Abstract

The American Medical Research Expedition to Mt. Everest provided a unique opportunity to record 12-lead resting ECGs in one of the largest groups studied to date at extreme altitude (19 men, aged 25 to 52 years). Twelve of the 19 subjects had four recordings breathing ambient air: May 1981, at sea level; September at base camp (5400 meters); October at camp 2 (6300 meters); and January through May 1982, after descent. Five subjects had no recording at camp 2 and two of them had no postdescent record. In the 12 subjects in whom all four recordings were obtained, data were analyzed by means of a two-way analysis of variance. Resting heart rate increased from 57 ± 11 (SD) to 70 ± 12 bpm at base camp and to 80 ± 11 bpm at camp 2 ( p < 0.001). P wave amplitude in standard lead II increased from 0.09 ± 0.06 to 0.13 ± 0.045 mv at camp 2 ( p < 0.05); QT c decreased from 424 ± 72 to 318 ± 48 msec ( p < 0.001). Mean frontal plane QRS axis increased from +64 ± 18 degrees to +78 ± 20 degrees at base camp ( p < 0.001) and to +85 ± 28 degrees at camp 2 ( p < 0.001). At extreme altitude, three subjects exhibited right bundle branch conduction disturbances and three others showed changes consistent with right ventricular hypertrophy.
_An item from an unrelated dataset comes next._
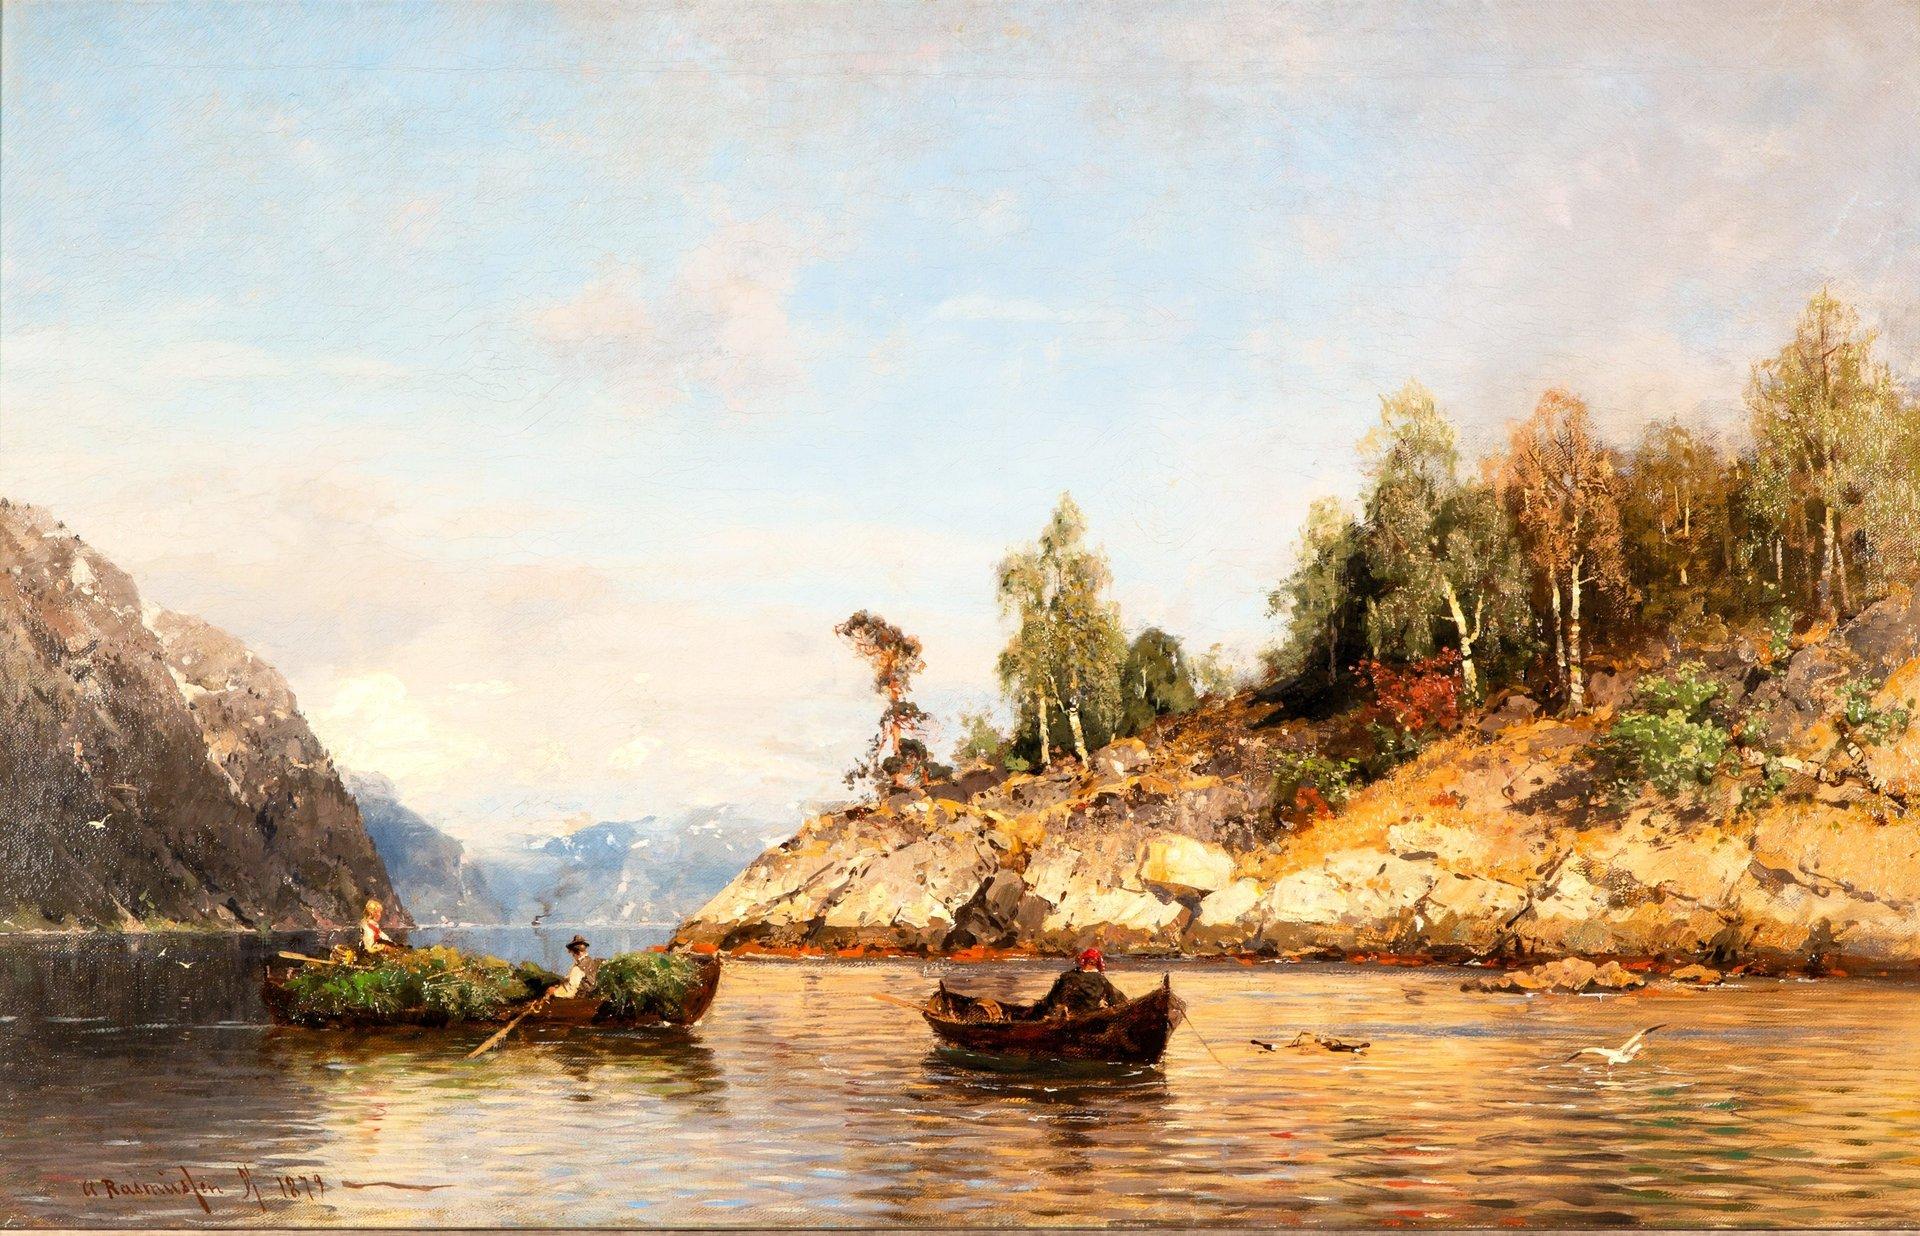 Georg Anton Rasmussen (August 7, 1842, Stavanger - October 23, 1914, Berlin) was a Norwegian landscape painter who spent most of his career in Germany.
He began his artistic training in Bergen, where he studied with Johan Ludvig Losting and Anders

Seven developed flattened T waves and four developed T wave inversions. One developed premature ventricular beats and one developed premature atrial beats. All of these changes returned to control levels on the postdescent tracings. Eight sleep recordings were obtained at 6300 meters and four were obtained at 8050 meters. The data were obtained during periodic breathing and revealed only sinus arrhythmia with occasional premature atrial and premature ventricular beats in some individuals. Heart rate recordings at the summit (8848 meters) at a barometric pressure of 253 Torr revealed only sinus tachycardia. We conclude that ECG alterations in healthy subjects at extreme altitudes are consistent with raised pulmonary artery pressure, but there seem to be no residual adverse effects.